Even in situations that seem relatively unambiguous, it often pays to supplement capital-budgeting and quantitative multiple scenario tools with case-based decision analyses to check for potential biases. For example, if your “certain” investment project is expected to deliver a rate of return that is unprecedented when compared with similar projects in the past, that might be more a reflection of overconfidence than of the extraordinary nature of your project. A robust analysis of analogous situations forces decision makers to look at their particular situation more objectively and tends to uncover any wishful thinking built into their return projections.
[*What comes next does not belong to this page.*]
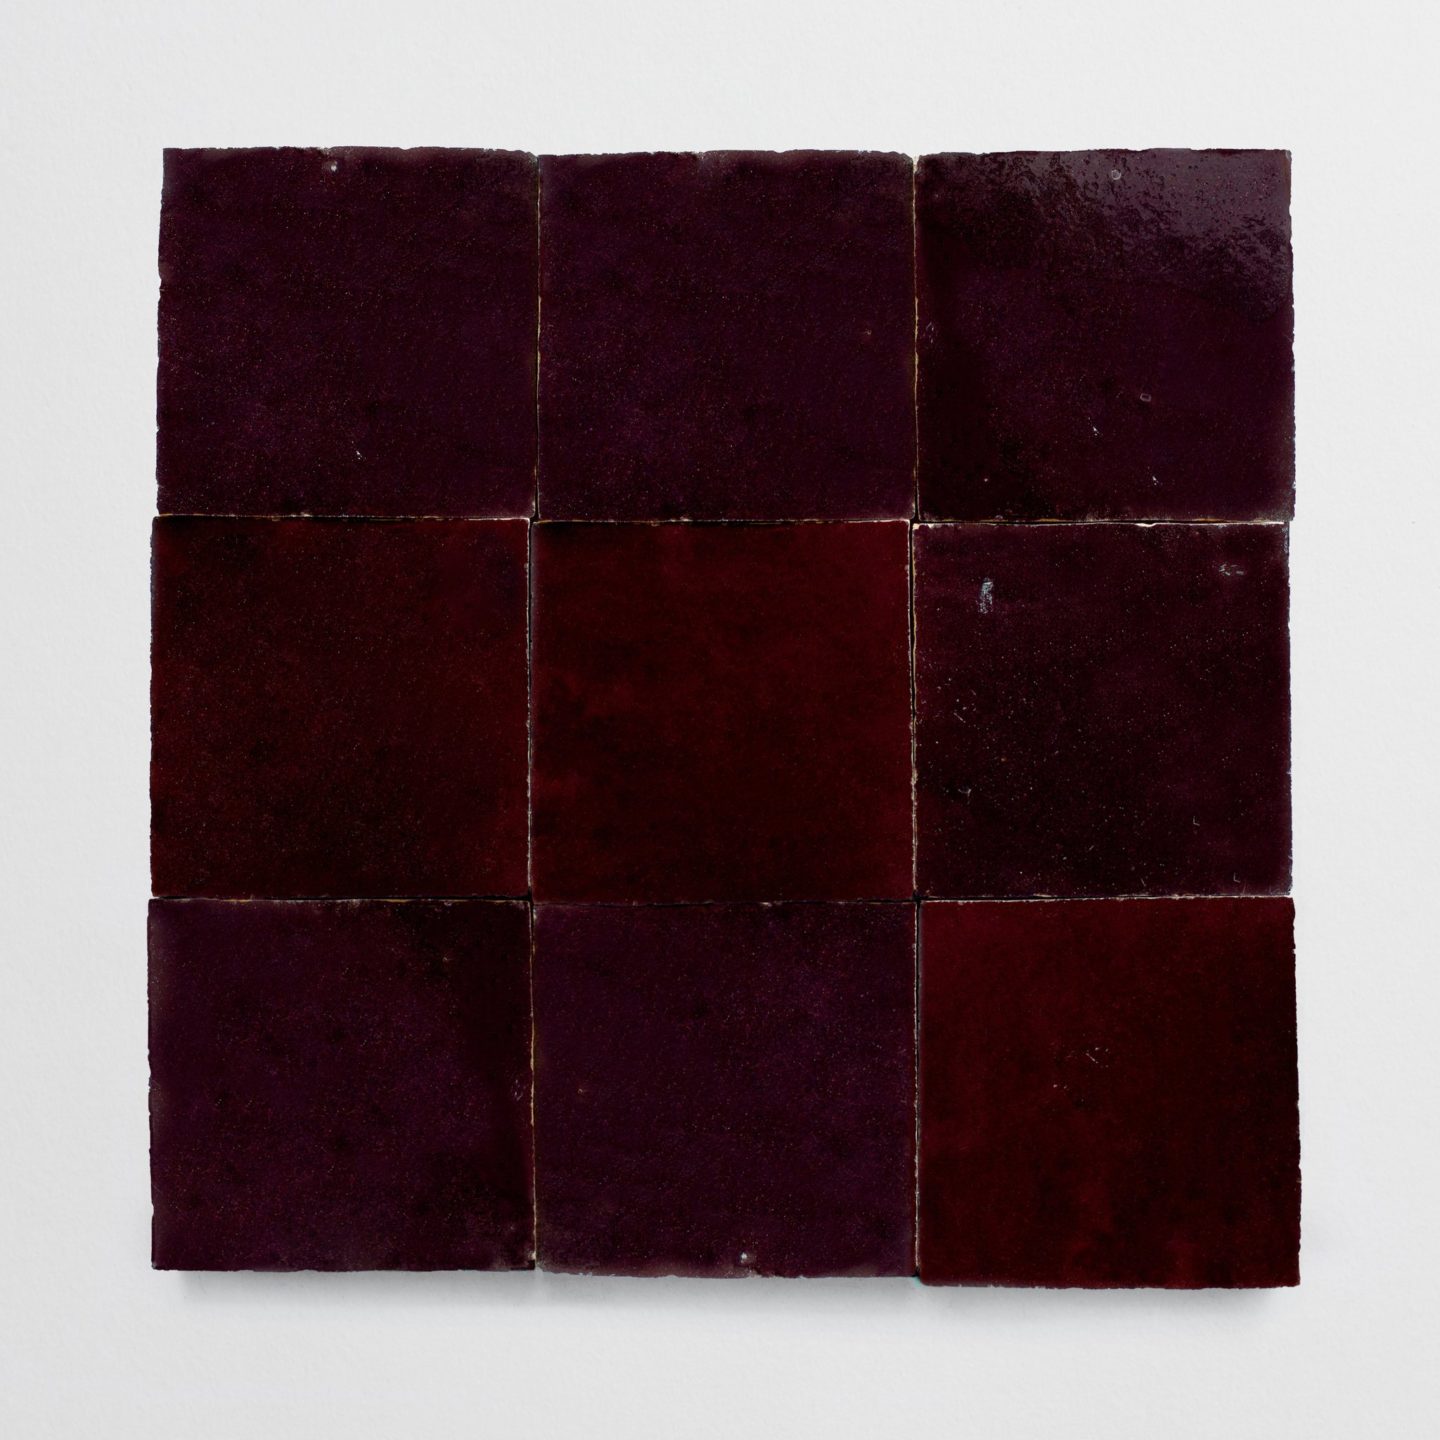 Midnight port zellige 2"x2" tiles by Cle Tile

Managers don’t consider the option to delay a decision. Deciding when to decide is often as important as deciding how to decide. In highly uncertain circumstances—such as a fast-changing industry or a major shift in business model—it’s wise to borrow from a different tool kit altogether: learning-based, iterative experimentation. For instance, colleges today are being disrupted by massive open online courses (MOOCs), and most administrators don’t know if or how or when their institutions should react. Rather than make an expensive, high-risk decision now, many colleges are undertaking small-scale experiments to test the waters and learn more about what “success” in this space will look like. (They’re also using analogies, of course—for example, by trying to understand whether the unbundling of the music business has lessons for higher education.)
What can you start doing tomorrow to become a better business decision maker? Begin by developing your decision-making tool kit more fully. There is a clear disconnect between the tools that are being used and those that should be used most often. Make it a priority to learn more about quantitative multiple scenario tools such as Monte Carlo simulations, decision analysis, and real options valuation. Get some training in scenario planning. Explore the fast-growing academic and practitioner literatures on information markets. Make more rigorous use of historical analogies to inform your most ambiguous and uncertain—and usually most important—decisions. We all use analogies, implicitly or explicitly, when making decisions. The cognitive scientist Douglas Hofstadter argues that analogy is the “fuel and fire of thinking.” But it is far too easy to fall prey to our biases and focus on a limited set of self-serving analogies that support our preconceived notions. Those tendencies can be checked through rigorous case-based decision methods such as similarity-based forecasting.
Finally, and perhaps most important, make it a habit at your company to consciously decide how and when you are going to make any decision.